The field of gynecologic diagnostics is undergoing a profound transformation. No longer confined to traditional imaging and histopathology, it is now being reimagined through the integration of advanced technologies, interdisciplinary collaboration, and an increasingly patient-centered clinical lens.
This Special Issue of Diagnostics, “Exploring Gynecological Pathology and Imaging,” gathers nine contributions that reflect this evolution. The published articles span breast imaging physics [contributions 1, 2], cervical cancer prevention strategies [contribution 3], fibroid diagnosis pathways [contribution 4], applications of artificial intelligence in urogynecology [contribution 5], standardized approaches to vulvar ultrasound [contribution 6], already cervical cancer prevention strategies [contributions 7, 8], and even the prognostic potential of PET/CT parameters in ovarian cancer [contribution 9]. Together, these works show that innovation in gynecological imaging and pathology is no longer optional—it is foundational.
Some contributions offer fresh clinical perspectives on long-debated challenges. For example, the study by Cantatore et al. [contribution 8] proposes a novel risk stratification model for recurrence in patients treated for high-grade cervical intraepithelial neoplasia. This model integrates HPV persistence, margin status, and inflammatory markers—moving decisively beyond single-parameter evaluations. Similarly, Tsampazis et al. [contribution 3] assess the diagnostic accuracy of HPV mRNA testing and immunohistochemical markers (p16/Ki67), suggesting meaningful refinements in colposcopic triage.
Technological and methodological innovation are also evident in our own contributions to this issue [contributions 1, 2], in which we explored the foundational physics of mammography, tomosynthesis, and contrast-enhanced imaging. Our aim was to make complex technical knowledge clinically accessible, thereby supporting more nuanced decision-making in breast diagnostics.
Beyond image acquisition and interpretation, this Special Issue highlights how AI [contribution 5], self-sampling technologies [contribution 7], and hybrid diagnostic algorithms can amplify access and precision. In doing so, it echoes the growing global consensus that gynecologic care must become more inclusive, predictive, and adaptive.
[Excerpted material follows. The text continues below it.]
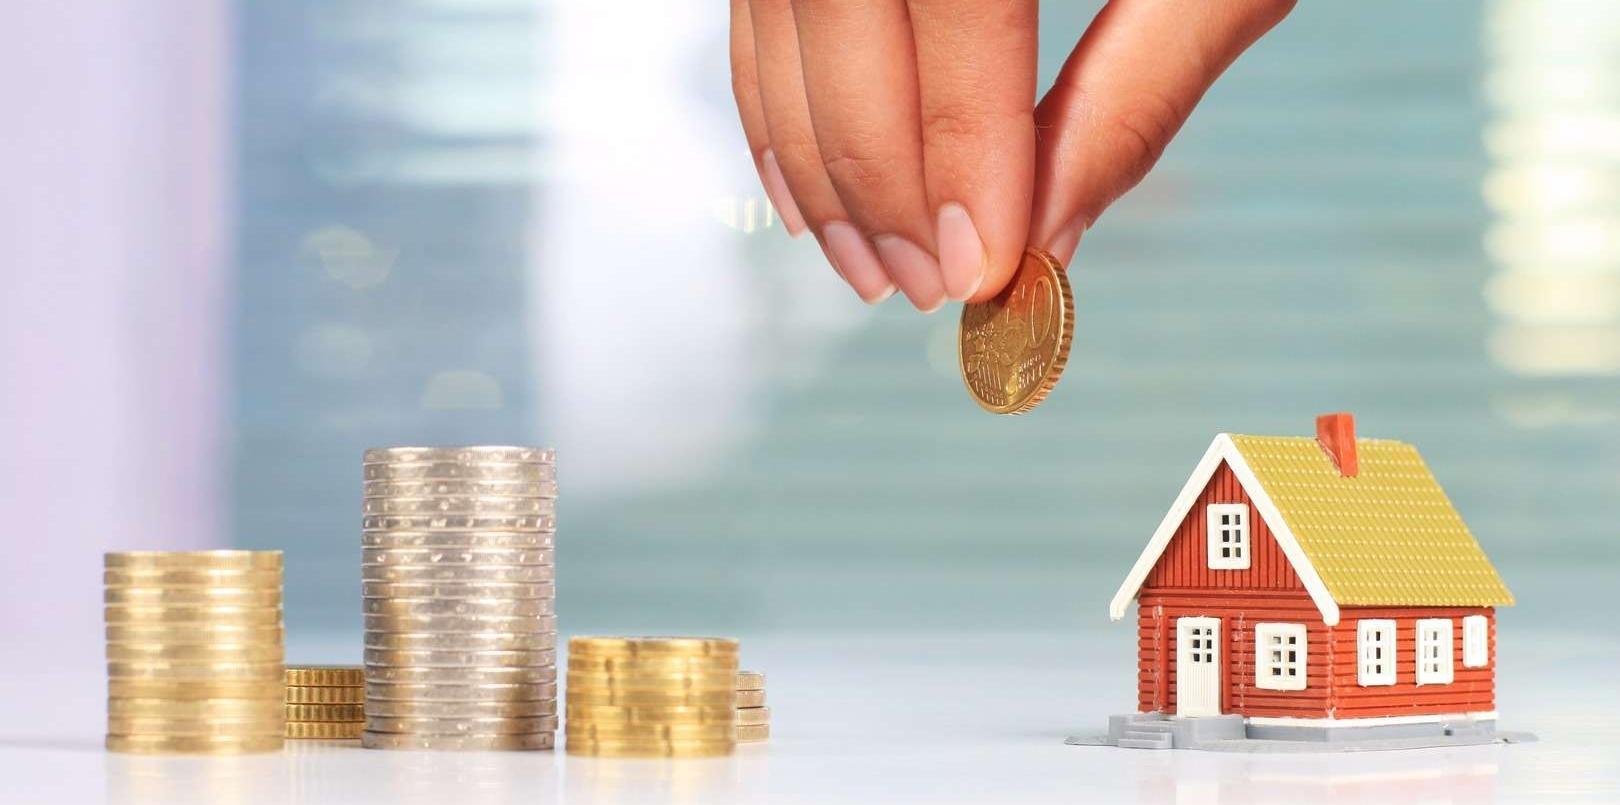 Часть затрат на покупку квартиры в России можно возместить, получив налоговый вычет от государства

From a personal perspective, the themes of this Special Issue are closely aligned with my own research over the past decade, which has addressed the clinical relevance of radiologic tools, cost-effective imaging strategies, and psychological–phenotypic correlates in breast disease. I am particularly interested in how hybrid human–machine systems—grounded in radiomics and intelligent imaging—can transform diagnosis into a dynamic process of care rather than a static endpoint. Radiomics, in particular, bridges the gap between medical images and personalized medicine by extracting quantitative data that inform clinical decisions [1,2].
This collection of articles is not the end of a journey, but a new point of departure. My deepest thanks go to all the contributing authors, the reviewers for their generous insight, and the editorial staff at Diagnostics for their professional support. Moreover, addressing potential biases in artificial intelligence systems is crucial to ensure equitable and effective healthcare delivery [3].
We hope this Special Issue will serve as an open window on the future of women’s health diagnostics: a space where biology, data, and clinical wisdom converge. The advances in deep learning and hybrid imaging approaches promise to enhance screening accuracy and clinical outcomes, especially in breast cancer detection and management [4,5].
Conflicts of Interest
The author declares no conflicts of interest.
List of Contributions
Fico, N.; Di Grezia, G.; Cuccurullo, V.; Salvia, A.A.H.; Iacomino, A.; Sciarra, A.; Gatta, G. Breast Imaging Physics in Mammography (Part I). Diagnostics 2023, 13, 3227. https://doi.org/10.3390/diagnostics13203227.
Fico, N.; Di Grezia, G.; Cuccurullo, V.; Salvia, A.A.H.; Iacomino, A.; Sciarra, A.; La Forgia, D.; Gatta, G. Breast Imaging Physics in Mammography (Part II). Diagnostics 2023, 13, 3582. https://doi.org/10.3390/diagnostics13233582.
Tsampazis, N.; Vavoulidis, E.; Margioula-Siarkou, C.; Symeonidou, M.; Intzes, S.; Papanikolaou, A.; Dinas, K.; Daniilidis, A. The Diagnostic Accuracy of Electrical Impedance Spectroscopy-Assisted Colposcopy, HPV mRNA Test, and P16/Ki67 Immunostaining as CIN2+ Predictors in Greek Population. Diagnostics 2024, 14, 1379. https://doi.org/10.3390/diagnostics14131379.
Centini, G.; Cannoni, A.; Ginetti, A.; Colombi, I.; Giorgi, M.; Schettini, G.; Martire, F.G.; Lazzeri, L.; Zupi, E. Tailoring the Diagnostic Pathway for Medical and Surgical Treatment of Uterine Fibroids: A Narrative Review. Diagnostics 2024, 14, 2046. https://doi.org/10.3390/diagnostics14182046.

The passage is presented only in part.